TOKYO -- Human Rights Watch urged Japan on Wednesday to drop its requirement that transgender people be sterilized before their gender is changed on official documents.
A 2004 law states that people wishing to register a gender change must have their original reproductive organs removed and have a body that "appears to have parts that resemble the genital organs" of the gender they want to register. The Supreme Court in January rejected an appeal by a transgender man who wanted legal recognition without undergoing surgery, though the court acknowledged that the practice restricts freedom and could become out of step with changing social values.
Human Rights Watch said the compulsory sterilization requirement is abusive and outdated. In a report, the international rights group said requiring invasive and irreversible medical procedures violates the rights of transgender people who want their gender identity legally recognized.

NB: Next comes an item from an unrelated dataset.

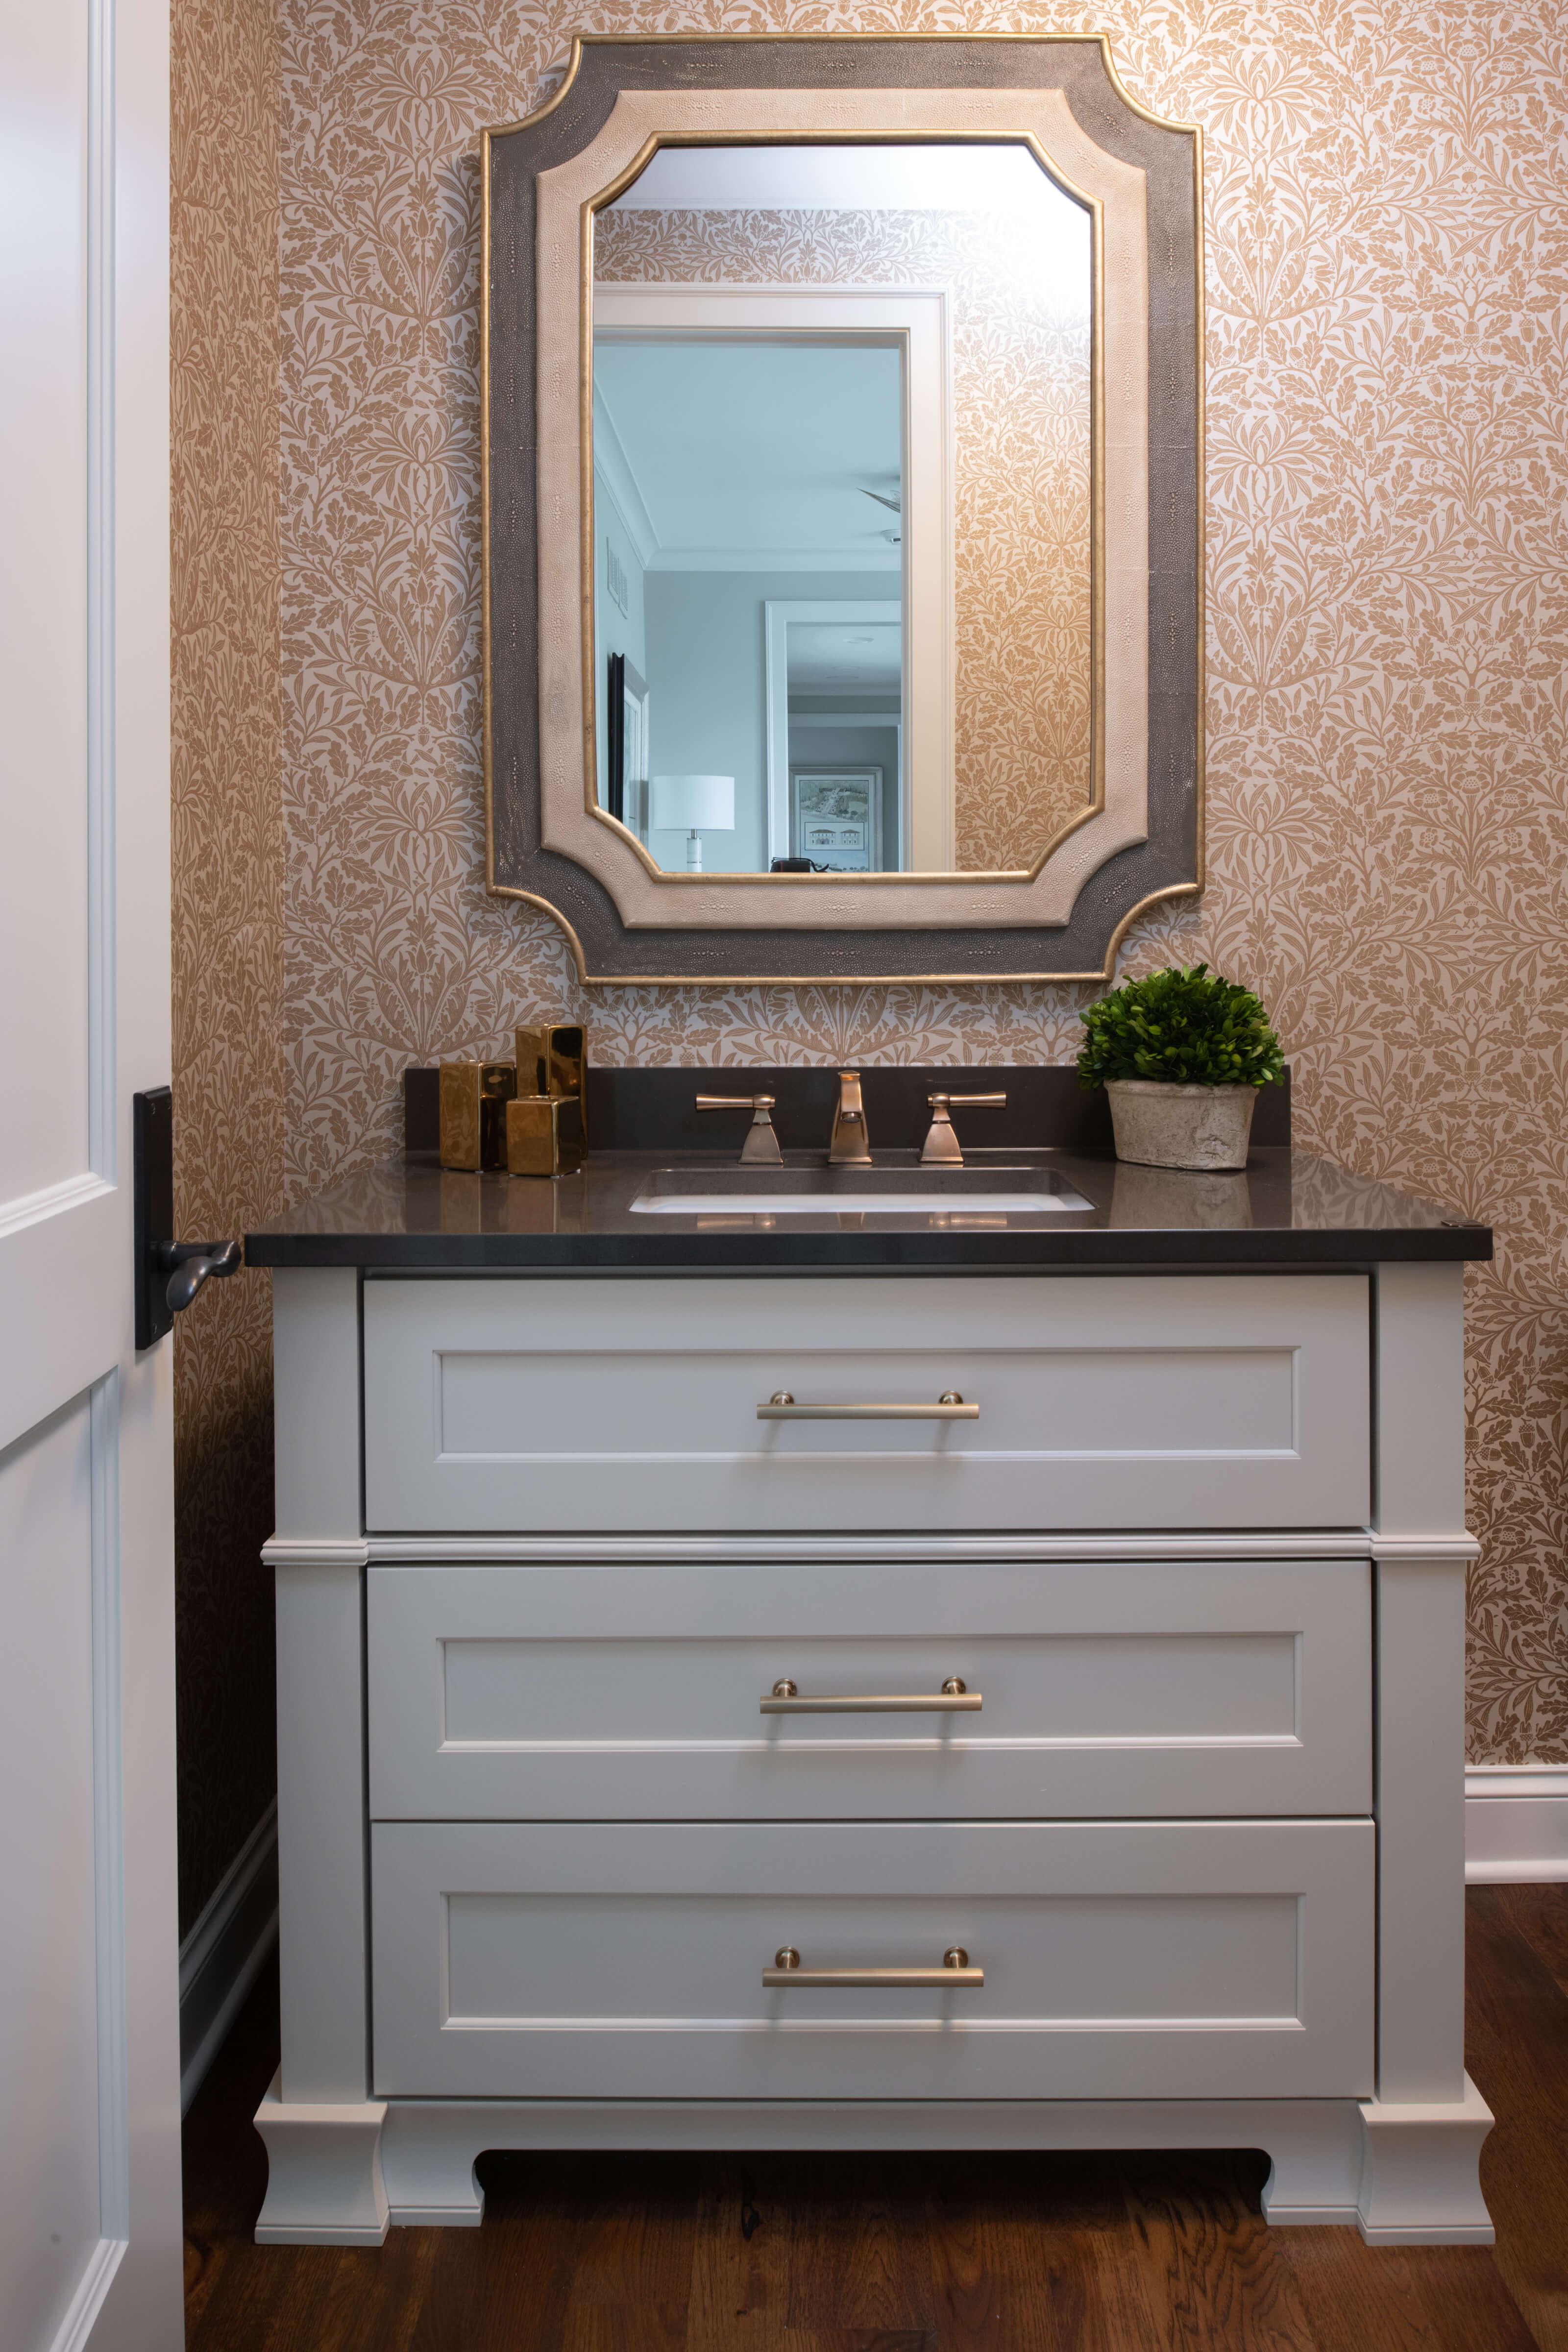 Dura Supreme Furniture Vanity, Designer Tricia Tidemann at Mingle Design Studio

"Japan's government needs urgently to address and fundamentally revise the legal recognition process that remains anchored to a diagnostic framework that fails to meet international standards," the report said. It said the law, which still defines gender incongruence as a "disorder," is out of step with international medical standards.
The group based its report on interviews with 48 transgender people and legal, medical and other experts in Japan. It said the country has fallen behind globally in recognizing transgender people's rights and still enforces "outdated, discriminatory and coercive policies."
Japanese society has a growing awareness of sexual diversity but it is often superficial. Pressure for conformity forces many LGBT people to hide their sexual identity even from their families, and transgender people often have high obstacles to living outside traditional gender roles.
Fumino Sugiyama, a transgender man who has had a mastectomy but still has ovaries, said in a video released with the report that he is still female on official documents including his passport, and he and his girlfriend cannot register as a married couple. Japan does not recognize same-sex marriage. Even though his partner had a baby after receiving artificial insemination and they live as a family, "she is legally a single mother and I'm just a roommate, Sugiyama said.
Prime Minister Shinzo Abe and his conservative supporters have campaigned to restore a paternalistic society based on heterosexual marriage.
Lawmakers in the ruling party have repeatedly been criticized for discriminatory remarks about LGBT people. One said earlier this year that "a nation would collapse" if everyone became LGBT, and another said last year that the government shouldn't use tax money for LGBT rights as those couples aren't "productive."